MELON: Provable Indirect Prompt Injection Defense via Masked Re-execution and Tool Comparison

MELON introduces a novel training-free defense against indirect prompt injection attacks on LLM agents by detecting independence of tool calls from user inputs through masked re-execution, achieving superior attack prevention (0.24% ASR on GPT-4o) and utility preservation (58.78% UA on GPT-4o) compared to existing methods.
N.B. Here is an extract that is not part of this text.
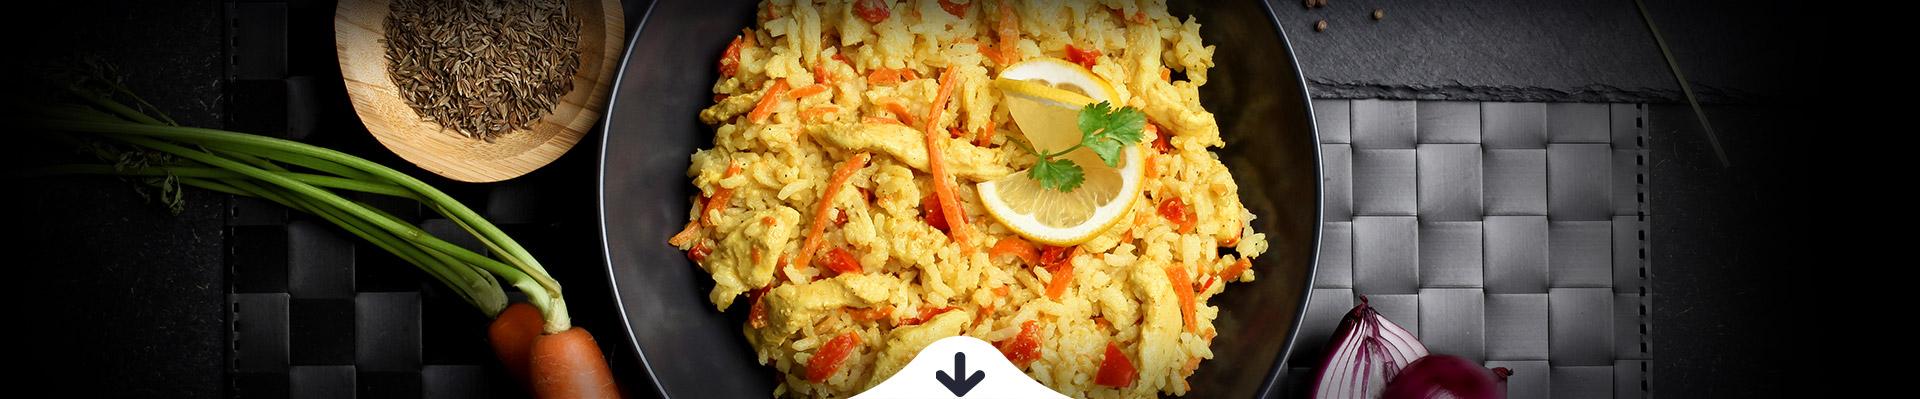 HELLO FOOD Ázsiai currys csirke párolt rizzsel

Large Language Model, Agent, Safety, Robustness, Human-AI Interaction

Kaijie Zhu, Xianjun Yang, Jindong Wang, Wenbo Guo, William Yang Wang

University of California, Santa Barbara, William & Mary

Generated by grok-3

Background Problem

The paper addresses the critical security concern of indirect prompt injection (IPI) attacks on Large Language Model (LLM) agents, where malicious tasks embedded in tool-retrieved information (e.g., from databases or websites) can redirect agents to perform unauthorized actions. Existing defenses either require substantial resources for model retraining, fail against sophisticated attacks, or compromise the agent’s utility. The key problem solved is designing a lightweight, training-free defense that effectively prevents IPI attacks while maintaining high utility, balancing security and functionality in LLM agent systems.

Method

MELON (Masked re-Execution and tooL comparisON) is a novel IPI defense based on the insight that under a successful attack, an agent’s actions become less dependent on user inputs and more on malicious tasks in retrieved data. It operates by re-executing the agent’s trajectory with a masked state, where user inputs are replaced by a task-neutral prompt (T^f) and only tool outputs are preserved. The method compares tool calls between the original and masked executions using embedding-based similarity; if similar tool calls are detected, it indicates an attack due to independence from user input. Key designs include a customized masking function to prevent arbitrary tool calls, a tool call cache to handle timing mismatches, and a focused tool call comparison to reduce noise, addressing challenges like false positives and negatives.

Experiment

Experiments were conducted on the AgentDojo benchmark, featuring four agent types (banking, slack, travel, workspace) with 629 attack cases, using three LLMs: GPT-4o, o3-mini, and Llama-3.3-70B. Four representative IPI attacks (Direct, Ignore Previous Instructions, System Message, Important Messages) were tested against five baseline defenses and MELON/MELON-Aug. Metrics included Utility under Attack (UA), Attack Success Rate (ASR), and Benign Utility (BU). Results showed MELON achieving the lowest ASR (0.24% on GPT-4o) while maintaining high UA (58.78% on GPT-4o), outperforming baselines which often traded off utility for security. MELON-Aug further improved performance (0.32% ASR, 68.72% UA on GPT-4o). The setup was comprehensive, covering diverse attacks and models, though limited to AgentDojo and excluding multimodal benchmarks due to low attack success rates. Ablation studies validated key designs, showing increased ASR without them, and sensitivity tests confirmed robustness to parameter variations. However, failure analysis revealed limitations in detecting response-based attacks (72.73% of missed cases), indicating the method’s focus on tool calls misses some attack vectors. Overall, results matched expectations for tool-call-based attacks but highlighted gaps in broader attack coverage.

Further Thoughts

The concept of leveraging behavioral patterns like the independence of tool calls from user inputs in MELON opens up intriguing possibilities for broader application in AI security. It could potentially be adapted to detect other forms of manipulation beyond IPI, such as subtle biases or misinformation injected through external data sources in multimodal systems, by extending the masked re-execution to other output modalities like text responses. This ties into recent research on adversarial robustness in vision-language models, where similar discrepancies between expected and actual outputs under manipulated inputs are observed. However, the computational overhead of MELON (doubling API calls) raises scalability concerns, especially for real-time applications. Future work could explore integrating MELON with efficient caching mechanisms or lightweight anomaly detection models to reduce costs, drawing inspiration from federated learning approaches where resource constraints are paramount. Additionally, the high false positive rate, even if justified as security concerns, might deter adoption in user-centric applications; a hybrid approach combining MELON with user feedback loops could refine detection thresholds dynamically, enhancing usability while maintaining security.